Minister of Culture of Senegal
- In office 29 October 2012 – 6 July 2014
- Preceded by: Youssou N'Dour

Personal details
- Born: 18 October 1954 Dakar, French West Africa
- Died: 3 February 2021 (aged 66) Dakar, Senegal
- Party: APR

= Abdoul Aziz Mbaye =

Senegalese diplomat and politician (1954–2021)

Abdoul Aziz Mbaye (18 October 1954 – 3 February 2021) was a Senegalese politician and diplomat. He had formerly served as Chief of Staff for President Macky Sall. He was appointed Minister of Culture during a cabinet reshuffle on 29 October 2012, succeeding Youssou N'Dour.

==Biography==
Mbaye was the first Sub-Saharan African to join the mathematics and physics department of the French National Centre for Scientific Research in 1983. He attended Paris-Sud University, the Université libre de Bruxelles, and the Université catholique de Louvain. A career diplomat, he was a scientific civil servant for the European Commission's European Strategic Program on Research in Information Technology. In 1996, he was appointed advisor of the European Commission to South Africa and Head of the European Union delegation to the Pacific, based in Fiji.

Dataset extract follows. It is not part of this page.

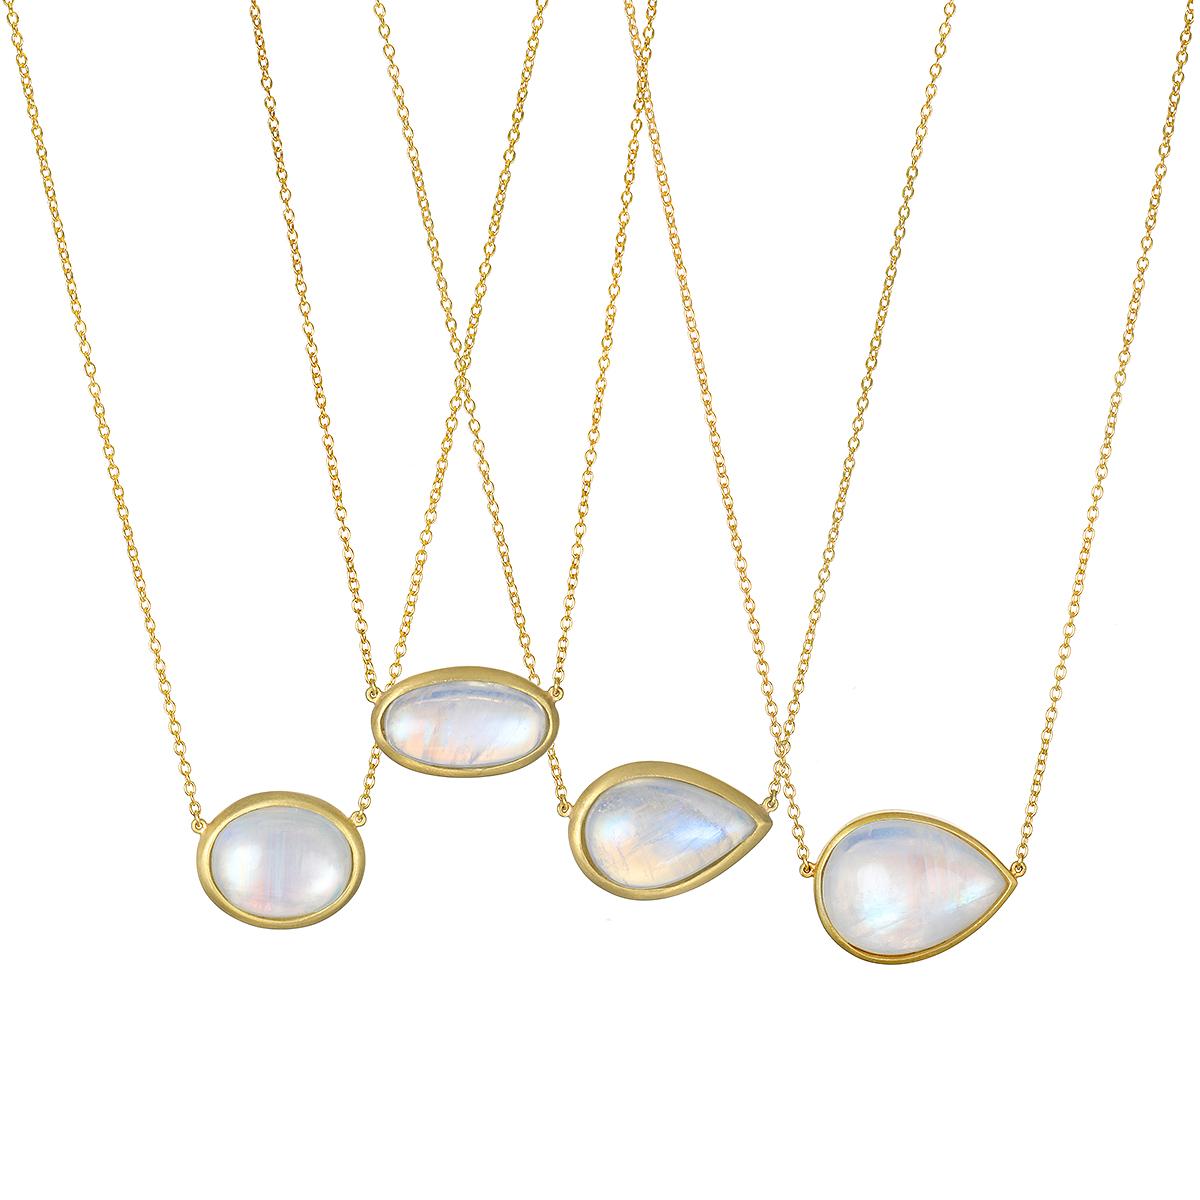 This beautiful Moonstone Bezel Pendant is full of light and reflects beautiful translucent blue hues. The shape, polish, and matte gold finish enhances the moonstone's striking rainbow effect. Handcrafted in 18k gold* with a classic jump ring bail,

In 1991, Mbaye launched Dakar Science Biennale and was president of Youth Network For Development, a foundation created by Youssou N'Dour. He participated in the foundation of N'Dour's holding, Youssou Ndour Head Office.

Mbaye was a close friend of Macky Sall, and became Chief of Staff upon Sall's election in 2012. On 29 October 2012, Mbaye succeeded N'Dour as Minister of Culture. He was a founding member of the Alliance for the Republic, Senegal's ruling party since Sall's election.

Abdoul Aziz Mbaye died from COVID-19 on 3 February 2021, at the age of 66 during the COVID-19 pandemic in Senegal.